▶ _WORK INSTRUCTIONS_: Beginning with the very first line, please reproduce the entries exactly through the line containing "sweetblissphotography_family1_newbornboy1.jpg".

▶ _RECORDS FOR THE EXERCISE_:

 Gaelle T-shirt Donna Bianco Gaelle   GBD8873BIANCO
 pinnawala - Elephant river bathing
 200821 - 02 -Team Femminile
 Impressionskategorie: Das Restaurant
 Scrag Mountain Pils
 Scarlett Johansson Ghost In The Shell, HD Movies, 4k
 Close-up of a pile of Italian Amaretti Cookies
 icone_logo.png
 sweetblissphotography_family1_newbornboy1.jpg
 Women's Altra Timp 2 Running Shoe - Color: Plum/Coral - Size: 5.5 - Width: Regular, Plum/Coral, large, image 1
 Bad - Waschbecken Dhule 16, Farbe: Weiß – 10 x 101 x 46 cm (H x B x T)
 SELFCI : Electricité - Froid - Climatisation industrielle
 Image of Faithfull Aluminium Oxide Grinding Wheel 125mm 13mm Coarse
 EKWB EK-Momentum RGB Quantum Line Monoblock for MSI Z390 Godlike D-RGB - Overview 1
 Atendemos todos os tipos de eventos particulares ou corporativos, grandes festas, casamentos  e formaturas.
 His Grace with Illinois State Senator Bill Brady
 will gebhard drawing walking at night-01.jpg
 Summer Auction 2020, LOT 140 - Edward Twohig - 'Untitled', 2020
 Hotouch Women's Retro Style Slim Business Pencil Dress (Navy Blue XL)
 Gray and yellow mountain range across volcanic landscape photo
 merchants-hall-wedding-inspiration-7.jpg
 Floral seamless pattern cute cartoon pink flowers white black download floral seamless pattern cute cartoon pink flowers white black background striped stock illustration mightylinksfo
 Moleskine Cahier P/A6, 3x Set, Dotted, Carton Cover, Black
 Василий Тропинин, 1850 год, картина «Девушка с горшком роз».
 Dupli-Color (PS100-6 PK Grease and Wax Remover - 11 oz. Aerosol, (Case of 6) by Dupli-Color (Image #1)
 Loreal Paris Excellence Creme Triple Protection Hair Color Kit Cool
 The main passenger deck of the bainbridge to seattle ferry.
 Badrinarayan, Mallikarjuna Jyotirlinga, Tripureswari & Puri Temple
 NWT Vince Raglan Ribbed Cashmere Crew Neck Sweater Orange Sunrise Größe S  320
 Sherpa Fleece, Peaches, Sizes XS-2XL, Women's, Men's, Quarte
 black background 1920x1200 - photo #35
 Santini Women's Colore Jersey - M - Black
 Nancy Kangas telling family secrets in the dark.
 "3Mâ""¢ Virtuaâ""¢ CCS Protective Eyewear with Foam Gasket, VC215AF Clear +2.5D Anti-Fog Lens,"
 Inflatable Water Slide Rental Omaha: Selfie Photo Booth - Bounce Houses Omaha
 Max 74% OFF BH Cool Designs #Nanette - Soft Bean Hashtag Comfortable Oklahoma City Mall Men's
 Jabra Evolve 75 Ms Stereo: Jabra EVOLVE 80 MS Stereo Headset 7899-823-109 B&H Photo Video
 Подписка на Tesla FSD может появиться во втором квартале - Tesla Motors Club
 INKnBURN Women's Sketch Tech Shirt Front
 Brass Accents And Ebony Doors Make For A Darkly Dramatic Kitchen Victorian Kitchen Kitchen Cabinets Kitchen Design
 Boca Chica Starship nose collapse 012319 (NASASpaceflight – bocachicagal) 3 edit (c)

▶ _OUTPUT FOR THIS EXERCISE_:
 Gaelle T-shirt Donna Bianco Gaelle   GBD8873BIANCO
 pinnawala - Elephant river bathing
 200821 - 02 -Team Femminile
 Impressionskategorie: Das Restaurant
 Scrag Mountain Pils
 Scarlett Johansson Ghost In The Shell, HD Movies, 4k
 Close-up of a pile of Italian Amaretti Cookies
 icone_logo.png
 sweetblissphotography_family1_newbornboy1.jpg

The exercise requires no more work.